Ярда видит свою фешенебельную холостяцкую квартиру с передней, ванной. В жизни ему никогда не снилось такой квартиры. А к ней еще всякое другое… Нет, стоимость всего этого ему придется возместить с большими процентами. Американцы — дьявольские торгаши! Голос на дне его души, голос совести и страха… Как все удивительно устроено в этом мире: одно зло рождает другое, поддашься один раз — и вот уже тянешь целую цепь.
Есть, правда, один выход, так сказать, задняя калитка. Ярда уже много раз об этом думал. Ведь настанет же тот тяжкий день, когда он очутится на родине. При одной мысли об этом Ярда обливается холодным потом, в коленях появляется дрожь, американская сигарета становится противной на вкус. А что, если… Разве не бывает, что такой вот человек, как он, по тем или иным мотивам возвращается с повинной? Строгое наказание — это ясно, хотя Ярда не имеет понятия, сколько лет отсидки полагается за то, что он натворил. К этому еще надо прибавить и те полуоси. Правда, он мог бы кое-чем добиться смягчения приговора. Он немало знает о своих здешних «благодетелях». А все-таки какое из двух зол меньше?
Ярда почти враждебно оглядывает своих компаньонов. Им что? Они теперь сверху вниз смотрят на своего приятеля. Ведь никто из них не попал в такое положение, как он!
Вацлав отодвинул бокал с недопитым вином. Он прижал руки к животу, сгорбился и низко наклонил голову.
— Не следовало есть двух обедов. Мне плохо… — Вацлав попросил дремавшую официантку принести черного кофе.
— Для тебя лучше, если ты по два раза в день будешь насыщаться высокой моралью. — И Ярда криво усмехнулся. — Я не убийца и не грабитель какой-нибудь, не знаю, что вы от меня хотите! — вскрикнул он и резким движением стряхнул с рукава божью коровку.
— Не кричи, кто тебе это говорит? — отозвался Гонзик и с опаской оглянулся на соседний столик, но толстяк в подтяжках обнимал за шею упитанную женщину с лоснящимся носом и, блаженно зажмурив глаза, что-то шептал ей на ухо.

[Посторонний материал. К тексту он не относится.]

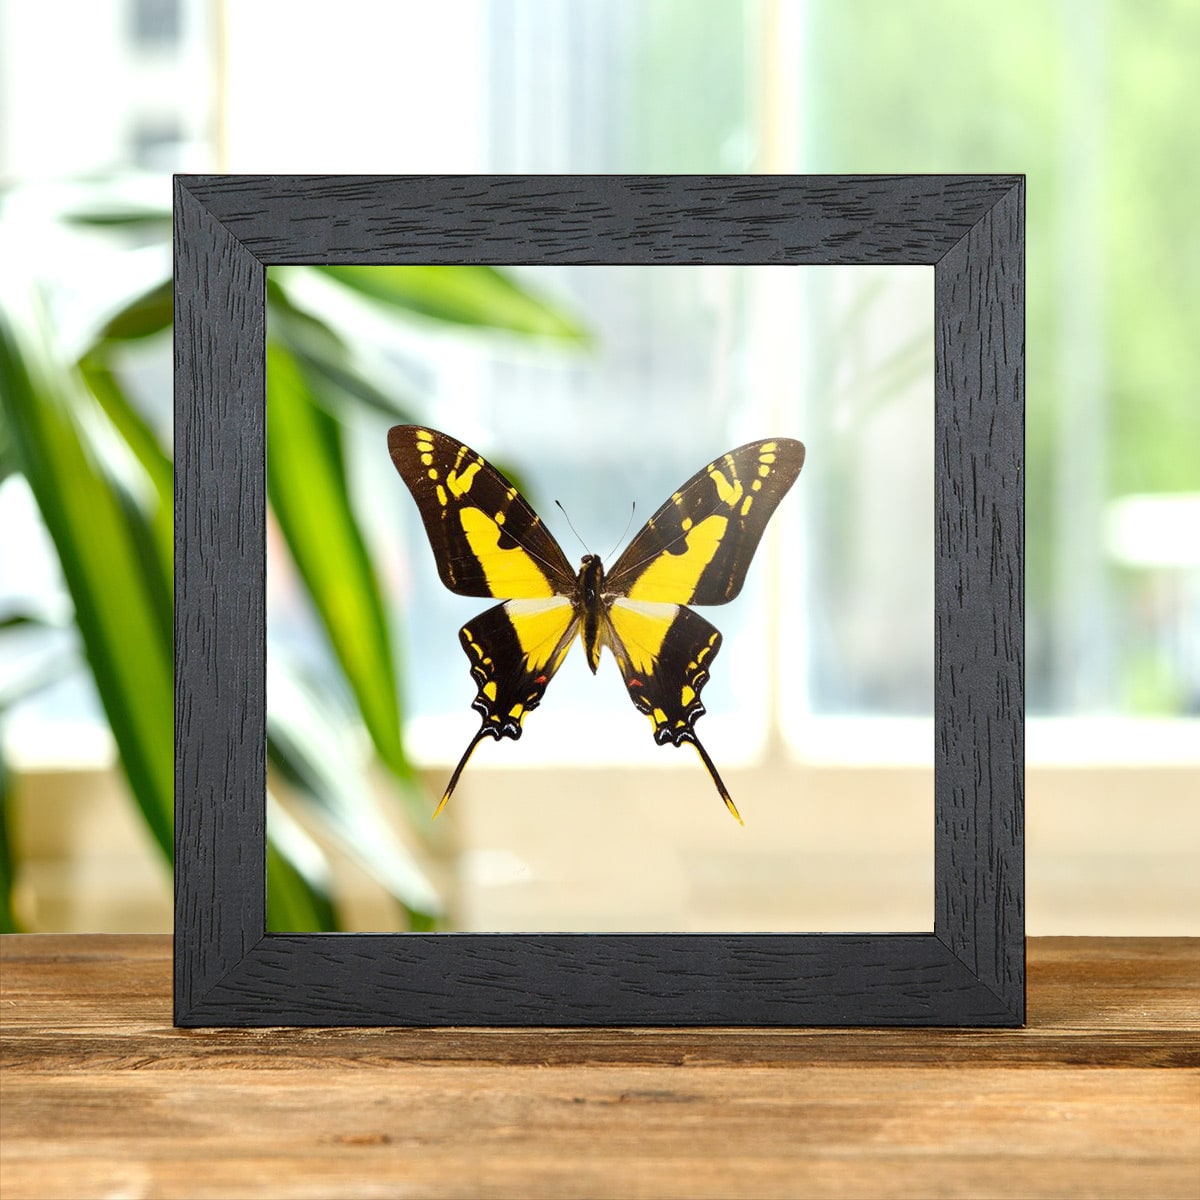 Minibeast Yellow Swordtail Butterfly in Clear Glass Frame (Eurytides thyastes thyastinus)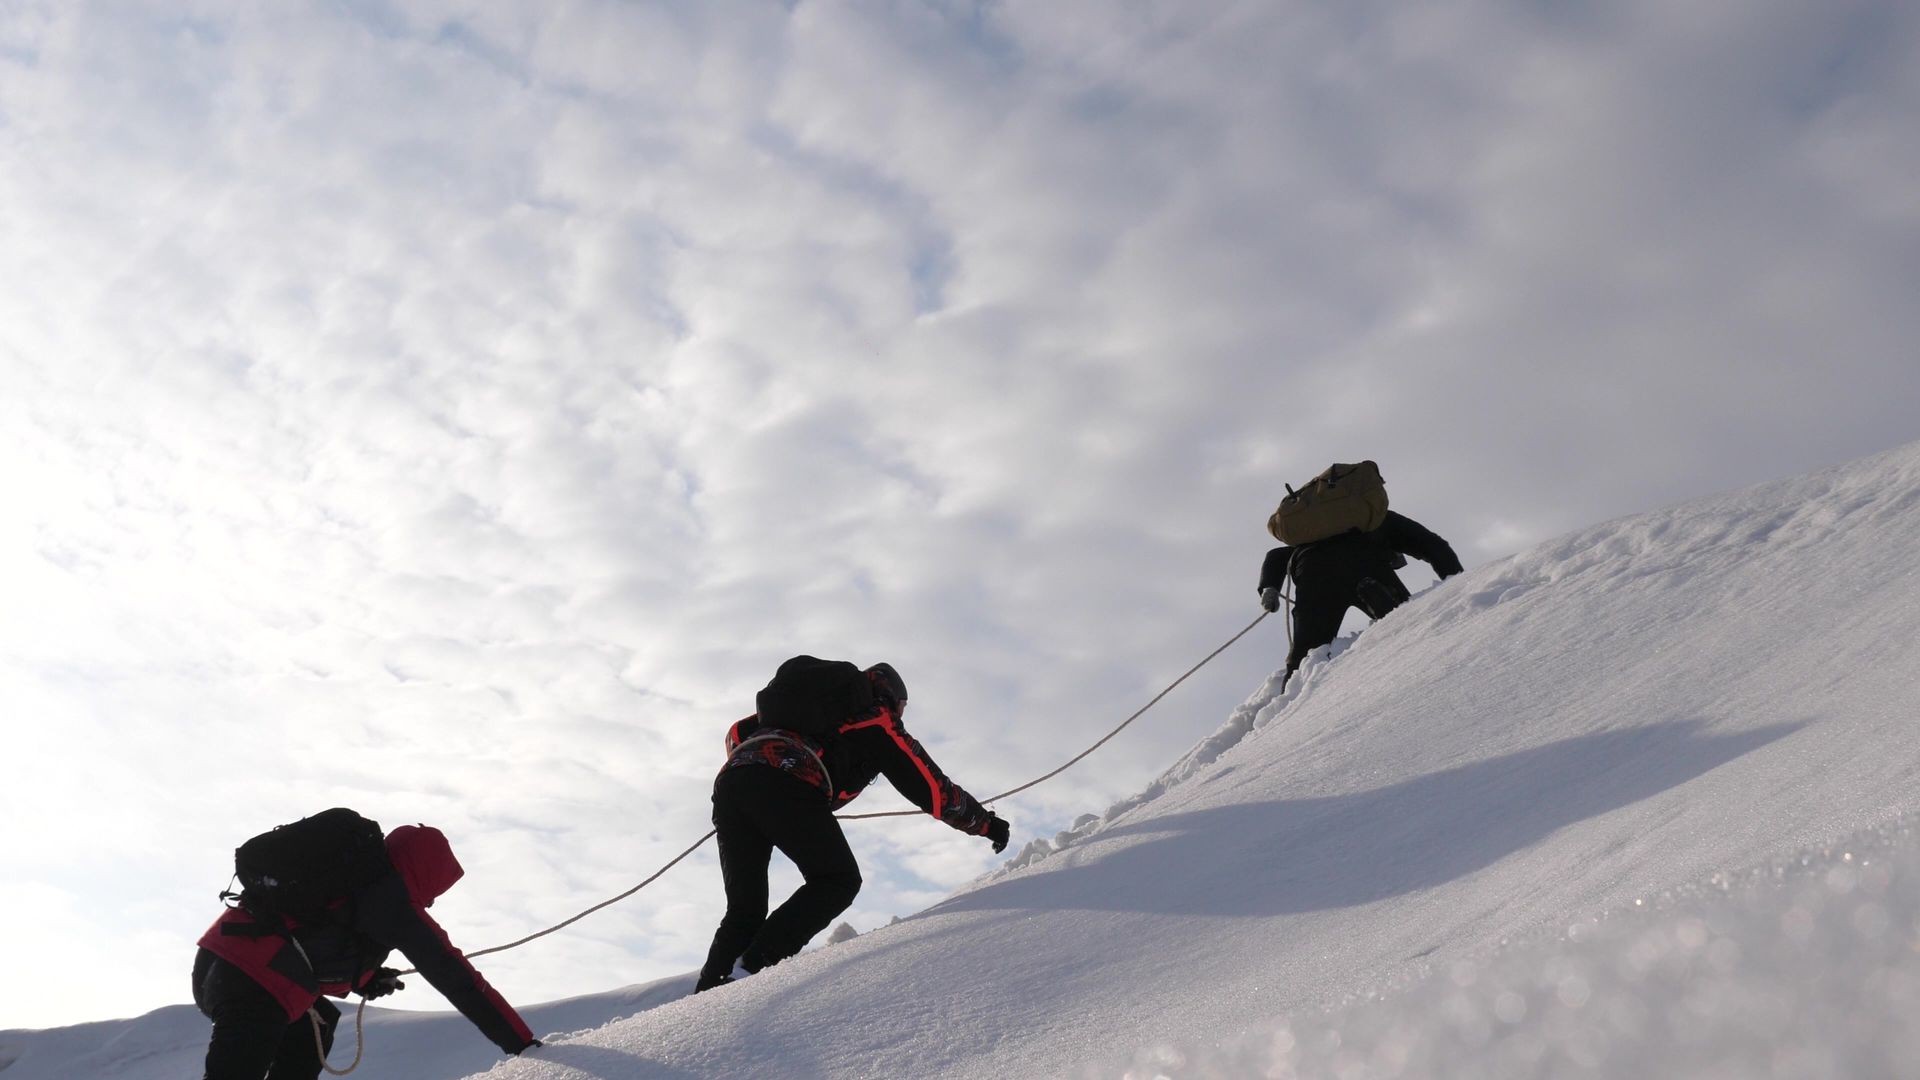 three Alpenists in winter climb rope on mountain. Travelers climb rope to their victory through snow uphill in strong wind. tourists in winter work together as team overcoming difficulties.

— А в конце концов, — тихо сказал Ярда, сосредоточенно катя по скатерти крошку к краю стола, — где написано, что эти хитрецы, — Ярда щелкнул по дорогому материалу своего костюма, — не напоролись на того, кто хитрее их самих?
Гонзик не успел вдуматься в смысл этих слов. Лицо Ярды вдруг просияло, он неуклюже встал из-за стола. В песке заскрипели быстрые, упругие шаги женщины. Соломенная шляпка, лиловое сердечко губ, приятный низкий голос.
Ярда представил своих приятелей на корявом немецком языке. Ребята смутились. Гонзик хрустнул пальцами, опустил глаза. Потом одной рукой подбоченился, а другой начал обмахиваться, наконец, явно не зная, что делать дальше, вперил взгляд в Вацлава: он вожак, пусть что-нибудь предпримет. Гонзик вдруг вспомнил жену Франца Губера, кто знает, как и почему, но с тем запасом немецких слов, который у него есть, он без особых затруднений с ней объяснялся. Дама вложила в накрашенный рот сигарету, Ярда услужливо зажег спичку, сигарета зажглась с одного боку.
— Я тебе неверна, — игриво напомнила она примету курильщиков.
Ярда удивленно посмотрел на нее. Он с тихой гордостью вспомнил тот момент, когда в первый раз увидел ее. Уже тогда он почувствовал, что она будет принадлежать ему. Счастье всегда на стороне отважных.
Анна, прищурившись, осмотрела гостей за соседними столиками.
— Что поделывает моя старая Прага? — обратилась она к Вацлаву и непринужденно закинула ногу на ногу. — Я была в ней по пути из Карлсбада в сорок первом, когда у мужа был отпуск, oh, eine entzückende Stadt![132] Когда я представляю себе, что он теперь в руках коммунистов, я прихожу в ужас. Столько в Праге исторических памятников! Наш Нюрнберг тоже кое-что из себя представлял до того, как его разбили. Он снова будет таким же, когда его возродят, но Прага… Ничего не поделаешь, это надо признать, Прага даст Нюрнбергу несколько очков вперед. Но это не заслуга красных, — рассмеялась она, при этом в уголках ее рта появились ямочки.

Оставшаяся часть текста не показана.